** Instructions to follow **
Below are some entries. Transcribe the lines from the one holding "copeland, sarah, desk, circle" to the one holding "Giorgio 314 -, product_type]", inclusive, but not the pictures among them.

** Records provided **
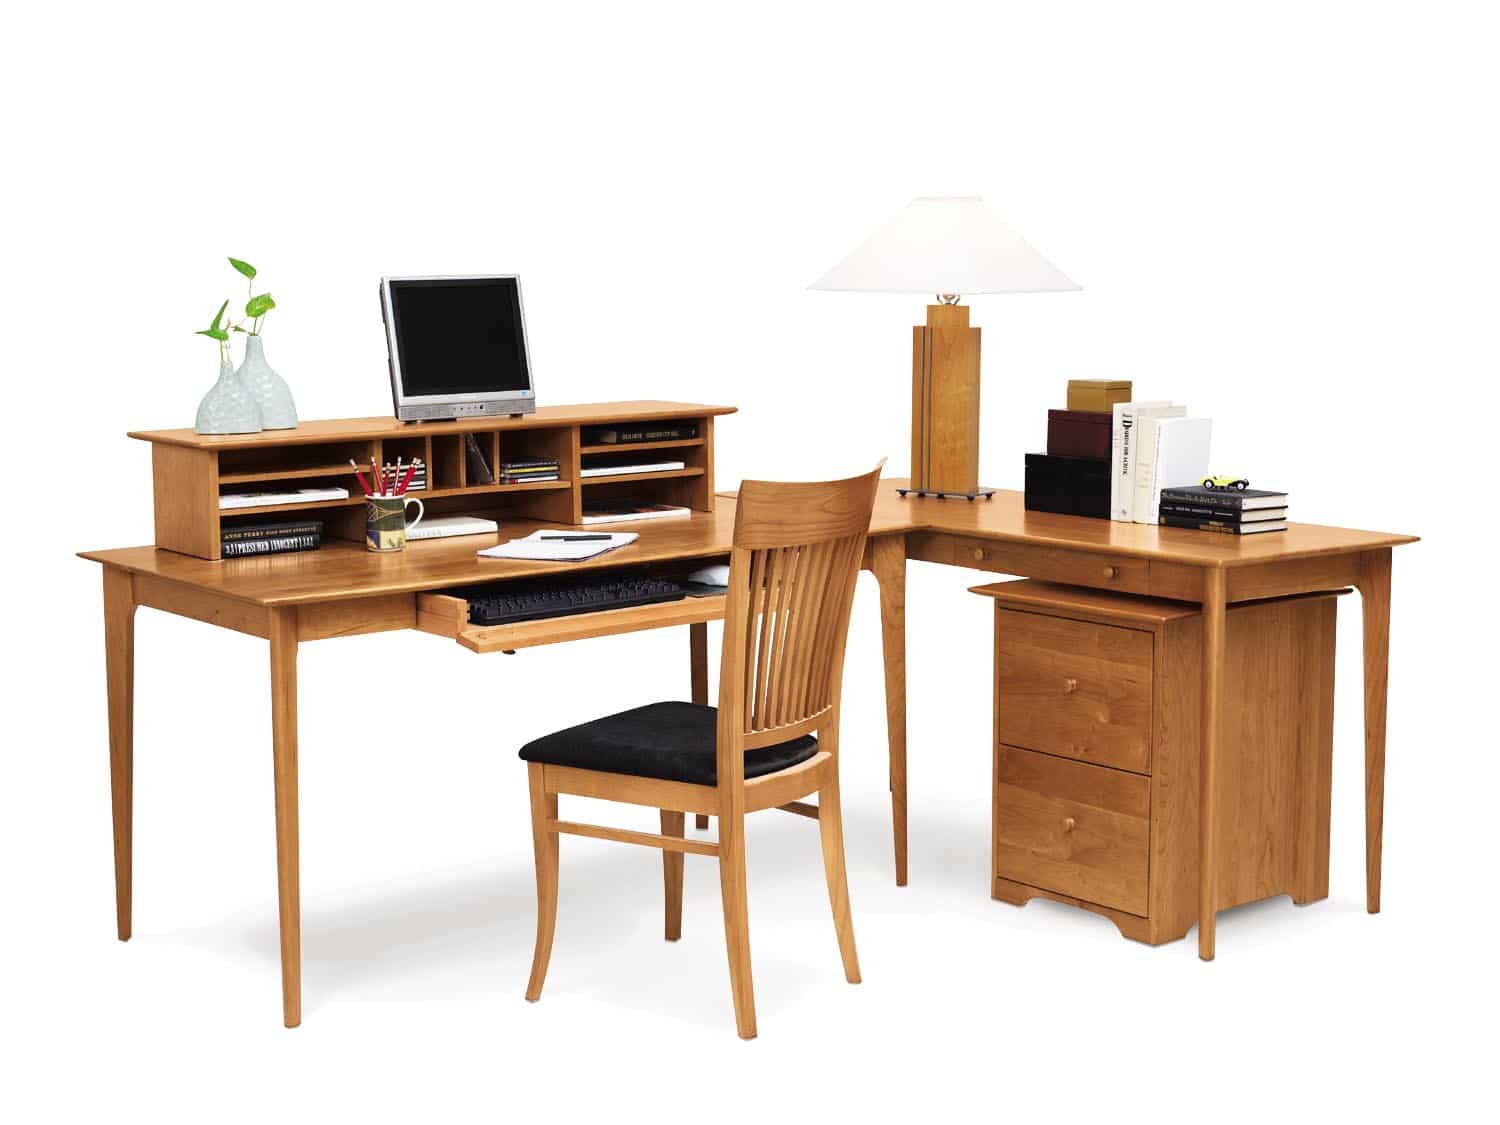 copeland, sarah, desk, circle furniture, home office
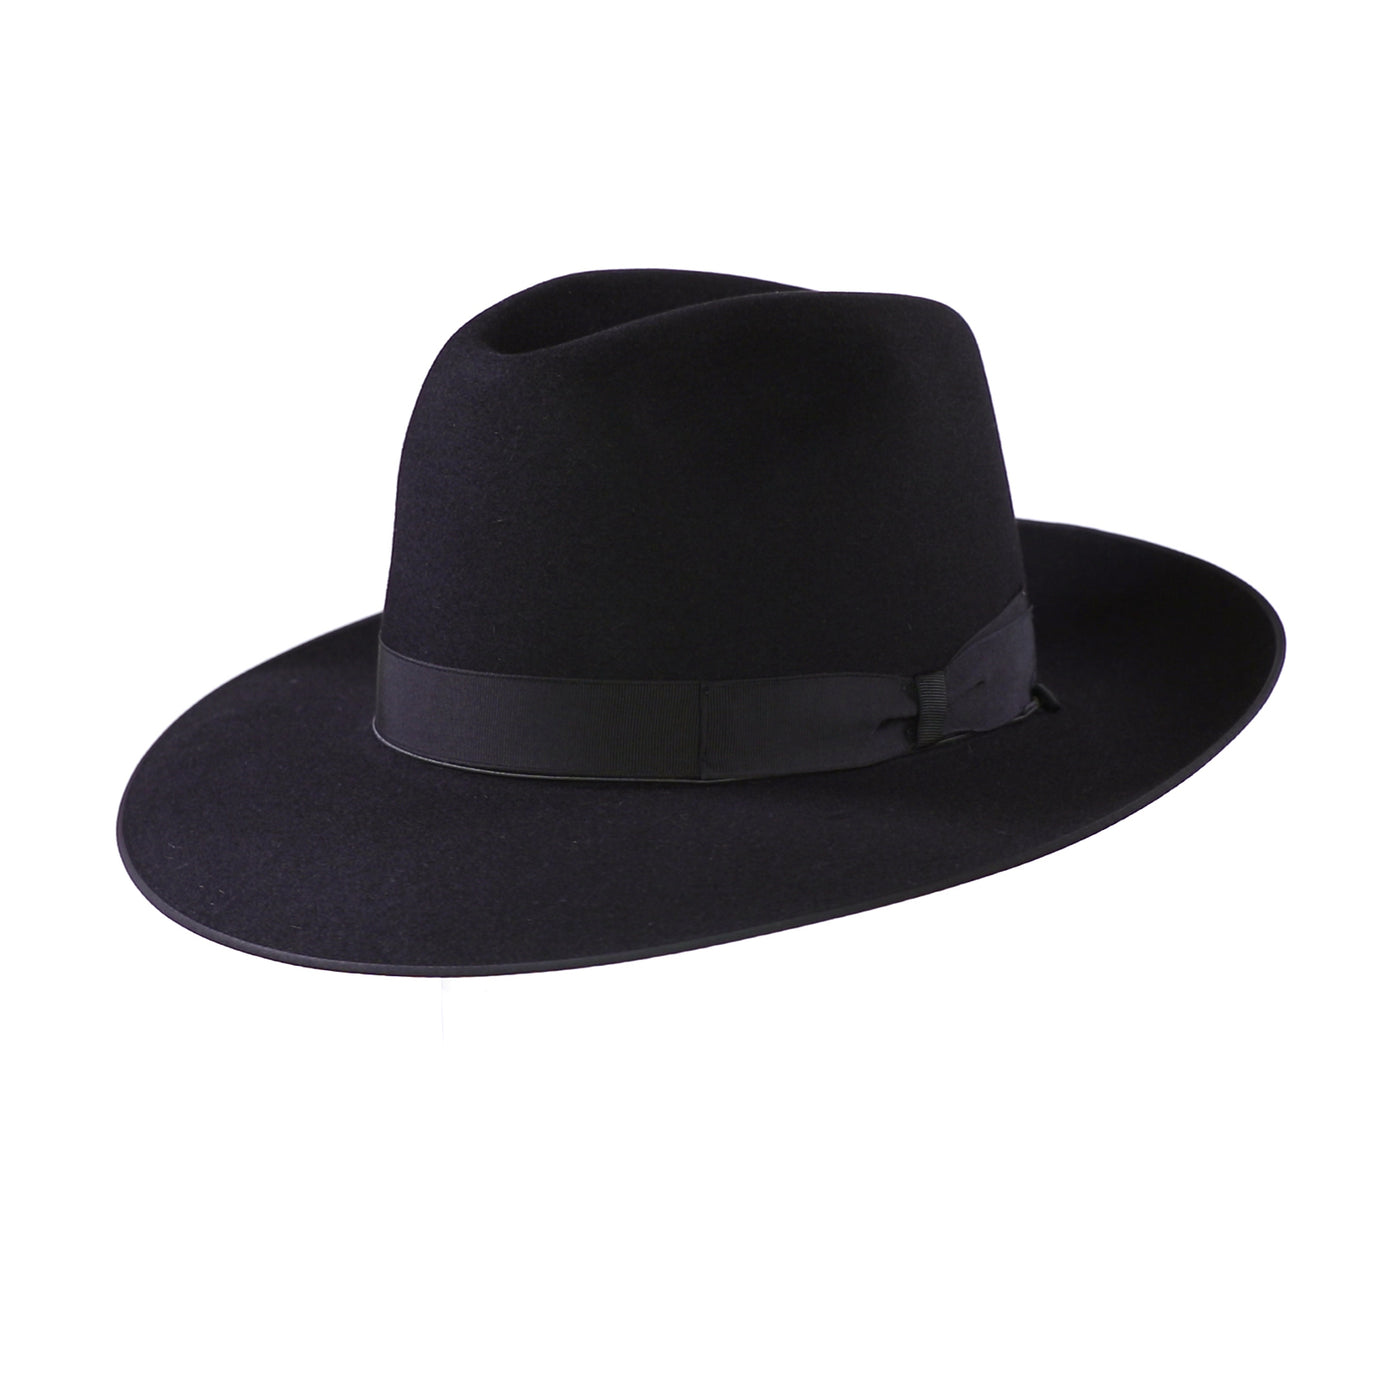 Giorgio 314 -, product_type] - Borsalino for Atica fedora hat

==

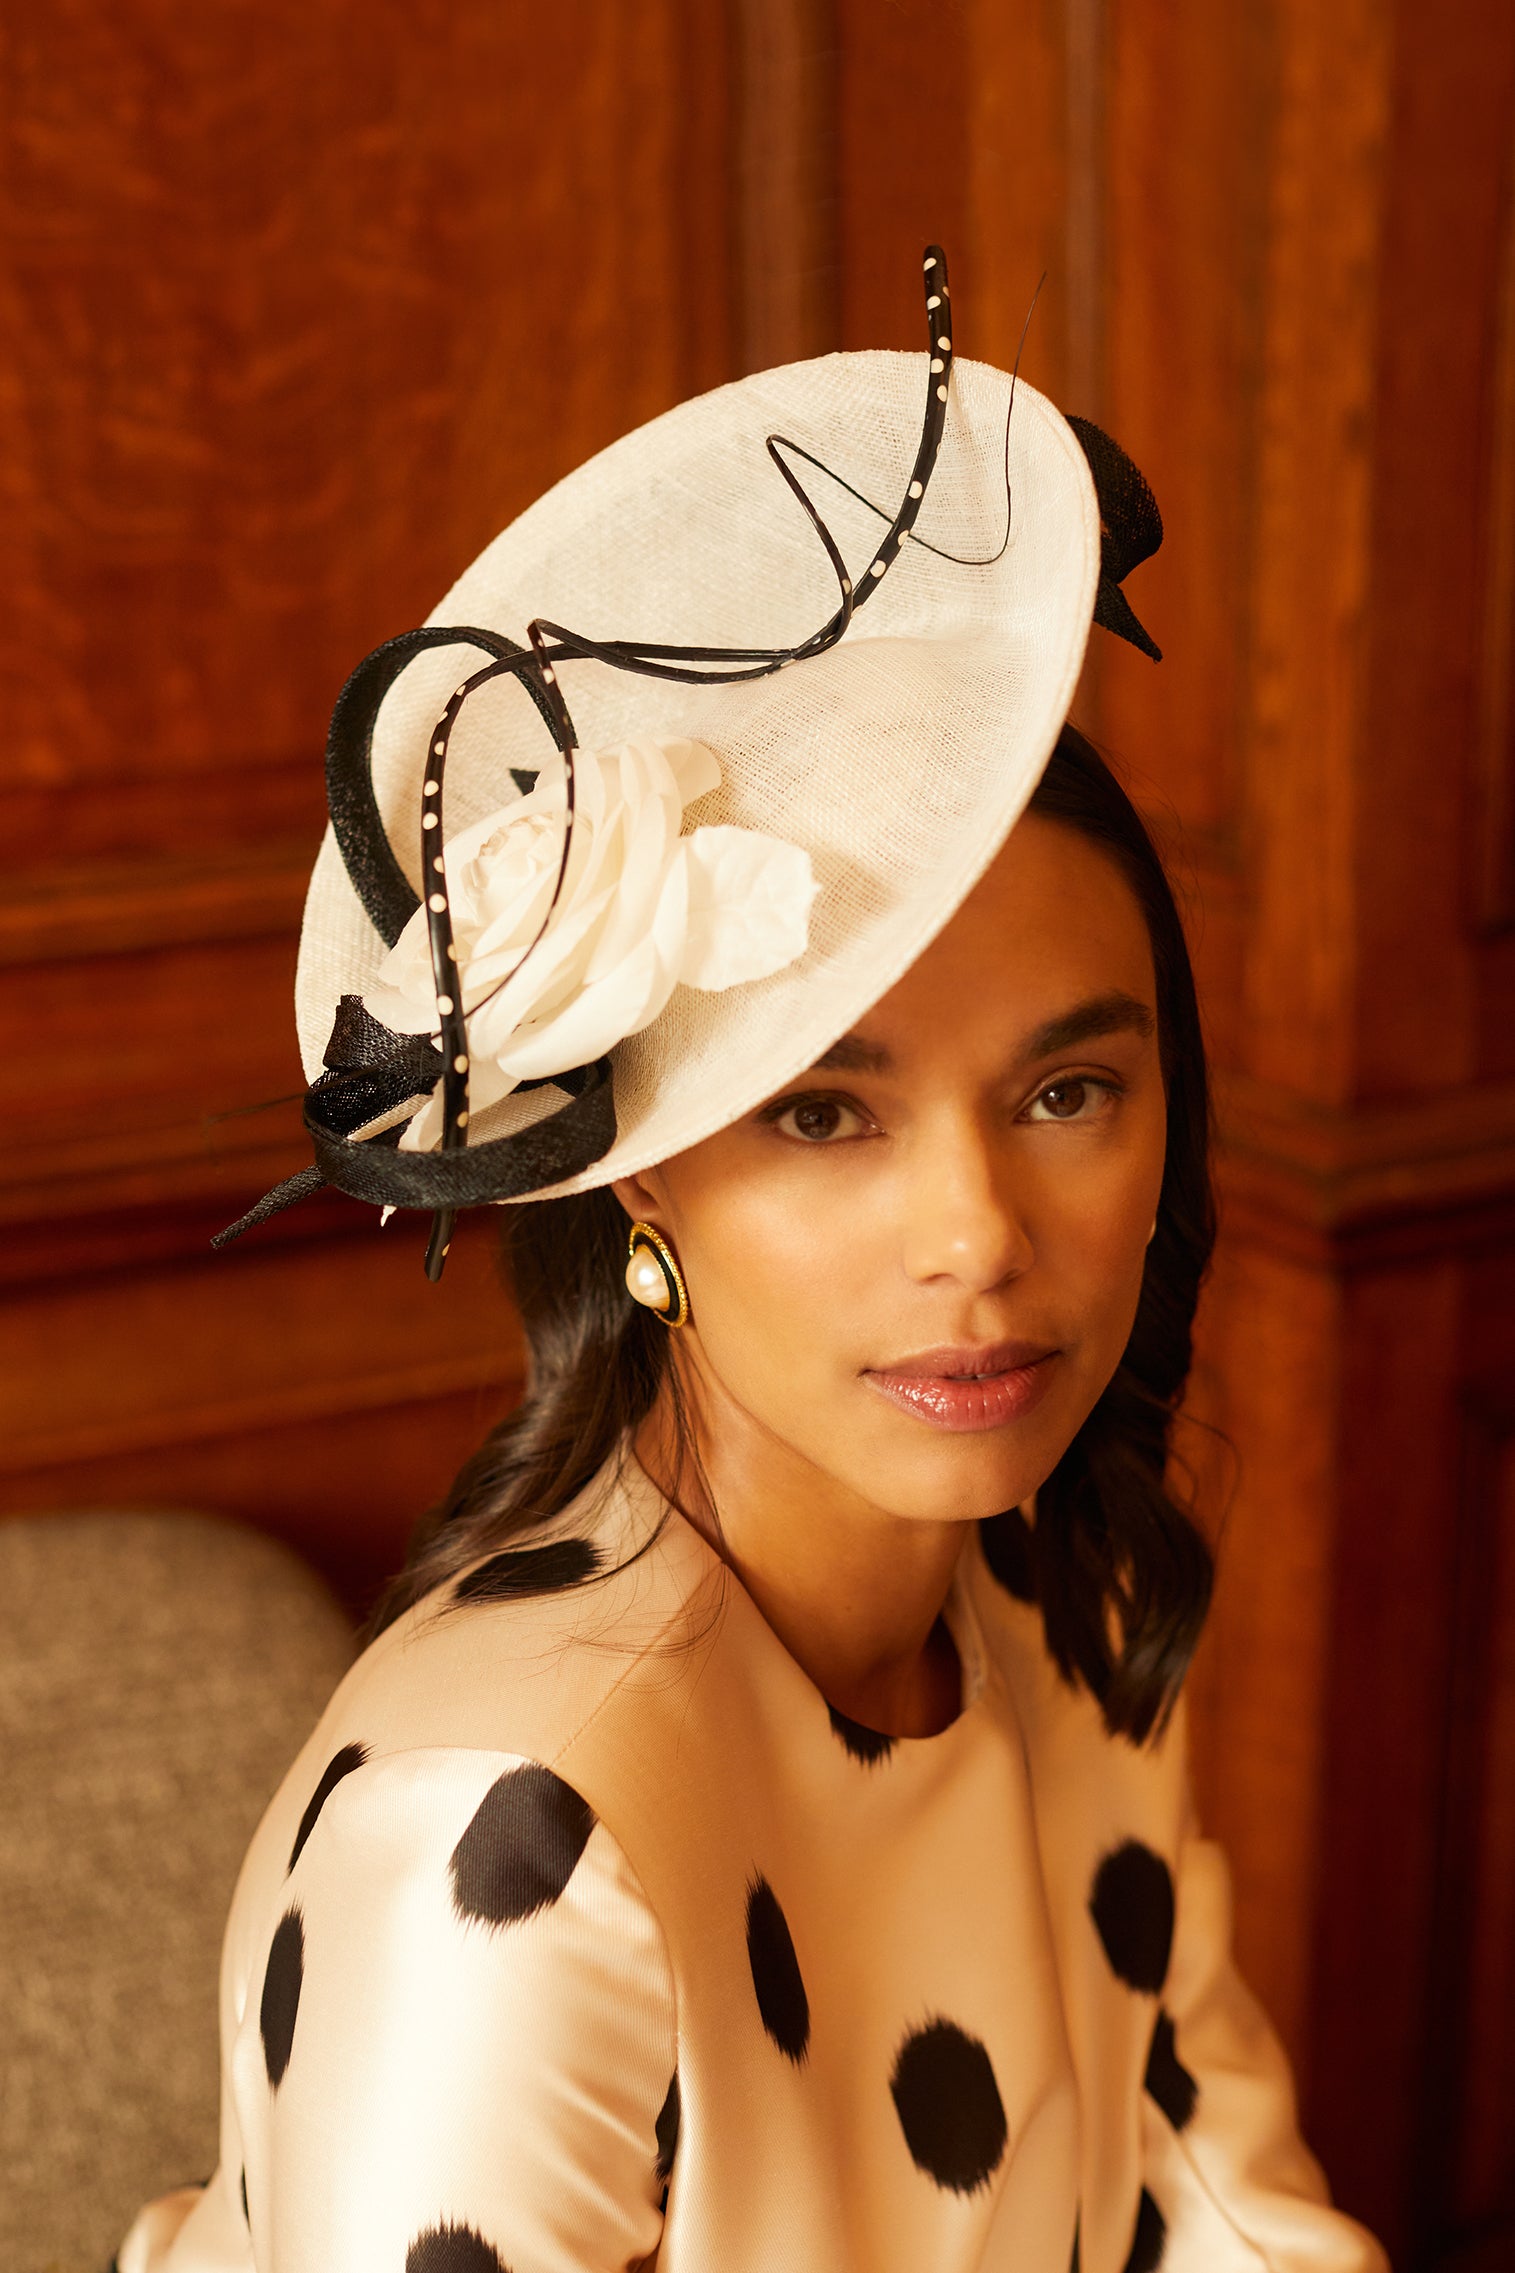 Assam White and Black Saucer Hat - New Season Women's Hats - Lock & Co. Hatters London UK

** Exercise response **
 copeland, sarah, desk, circle furniture, home office
 Giorgio 314 -, product_type] - Borsalino for Atica fedora hat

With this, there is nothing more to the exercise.